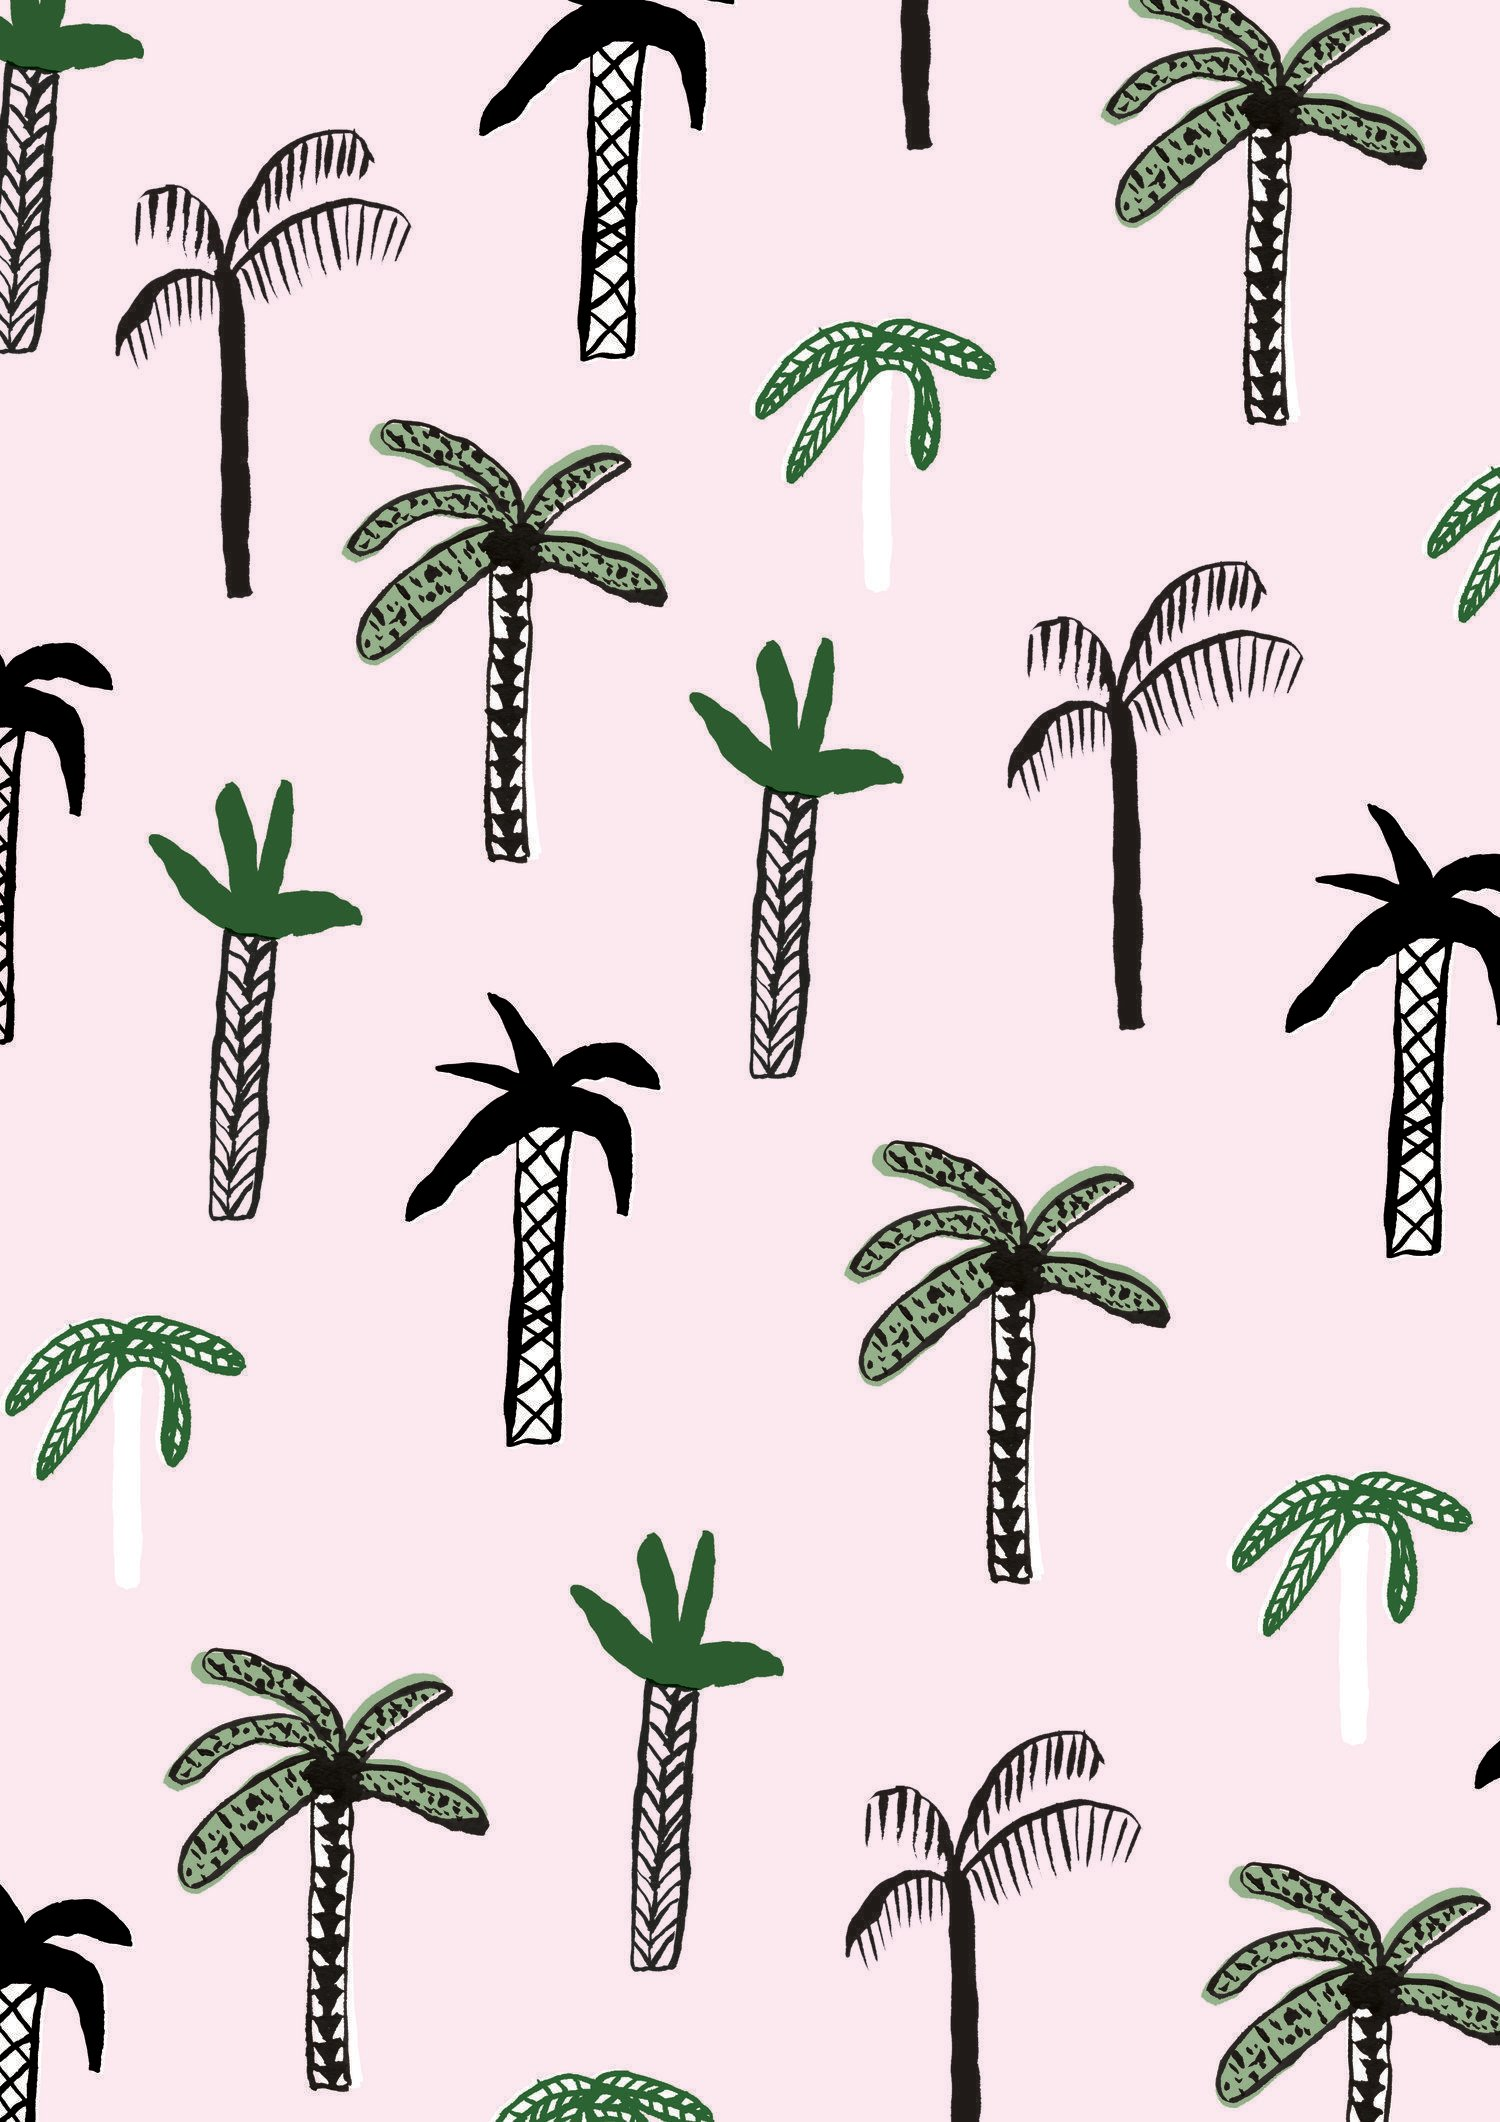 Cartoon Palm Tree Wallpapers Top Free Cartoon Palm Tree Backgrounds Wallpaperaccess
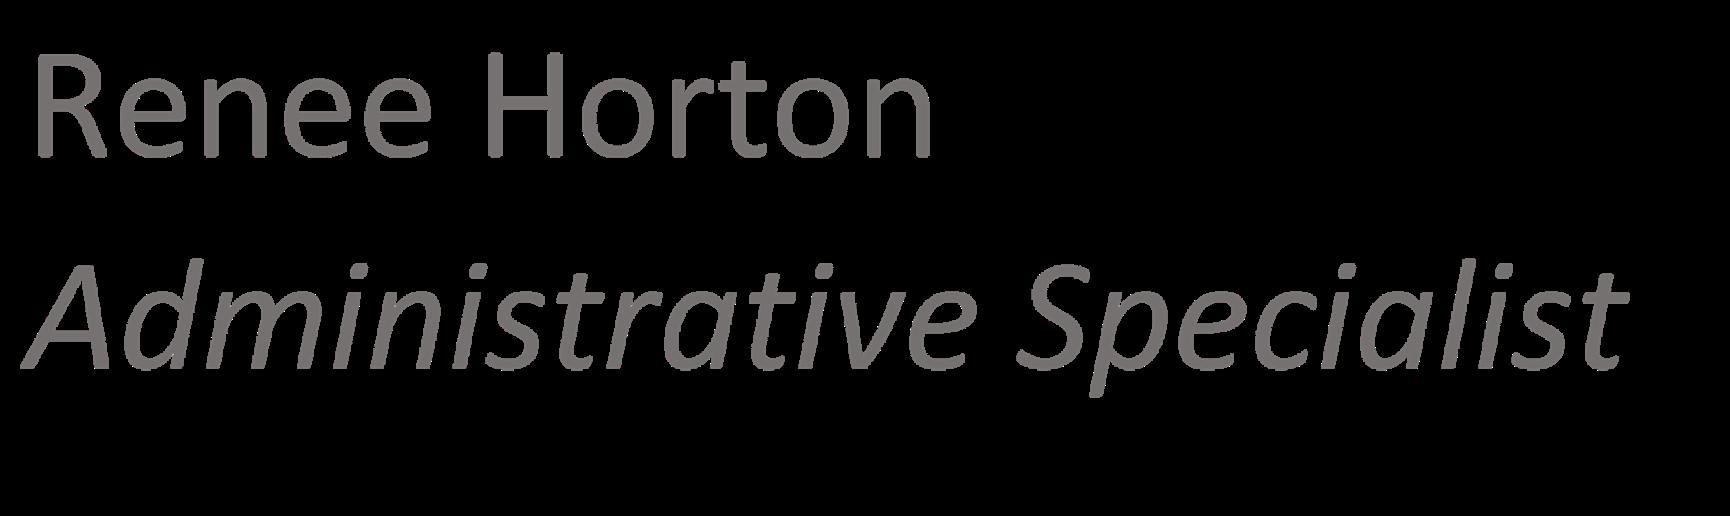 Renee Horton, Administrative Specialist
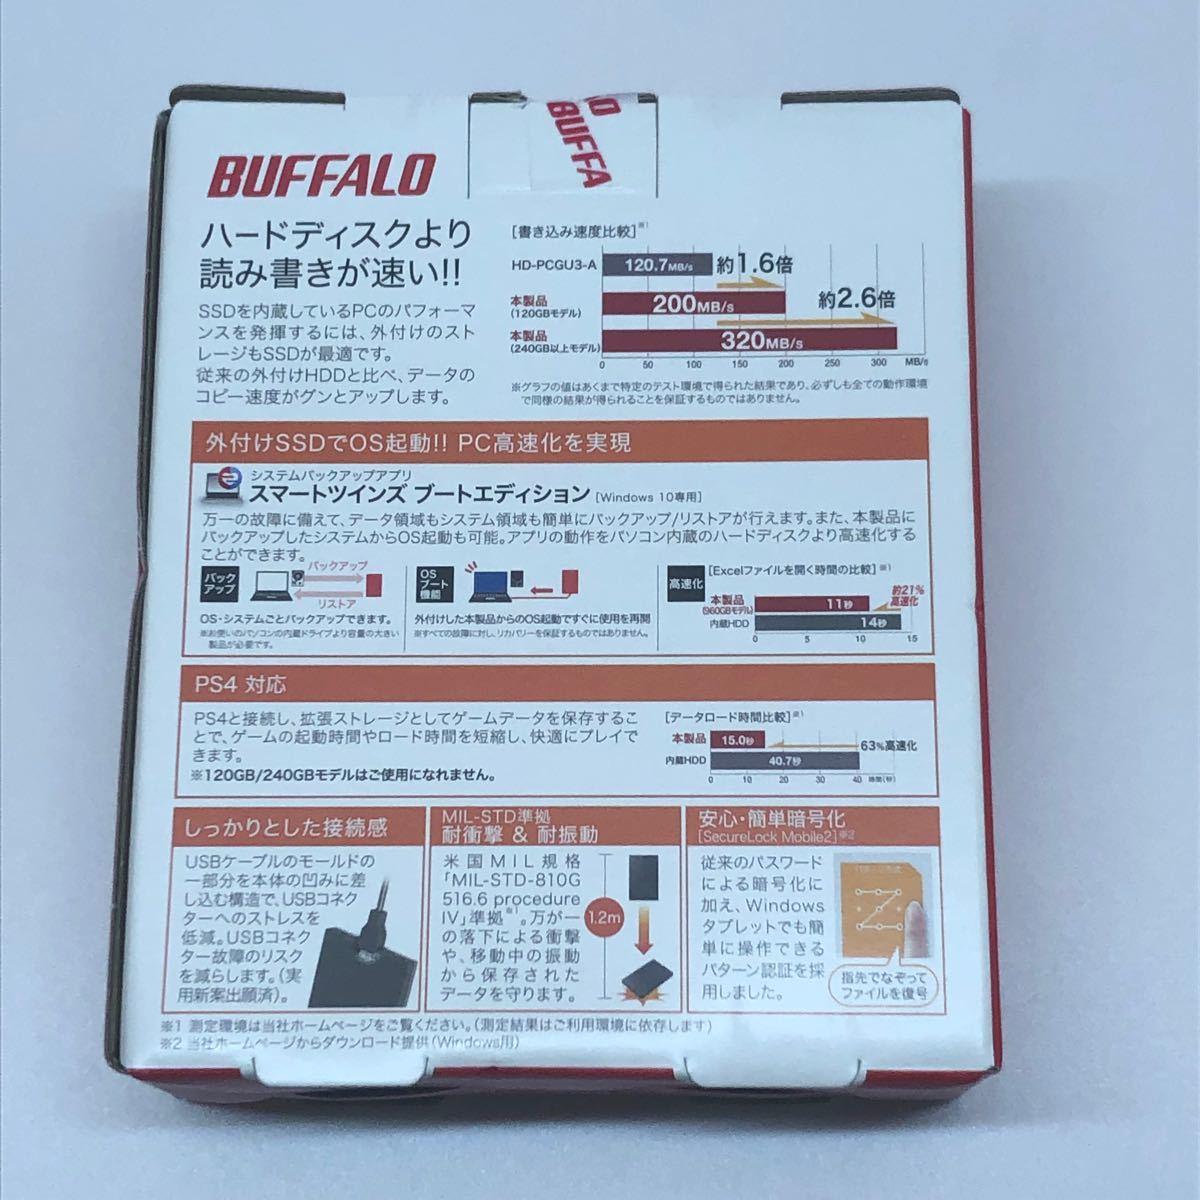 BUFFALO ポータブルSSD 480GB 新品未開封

### Action item
Pick up at the line containing "Renee Horton, Administrative Specialist" and copy each line exactly until the data ends, including that last line; copy no pictures.

### Answer to the problem
 Renee Horton, Administrative Specialist
 BUFFALO ポータブルSSD 480GB 新品未開封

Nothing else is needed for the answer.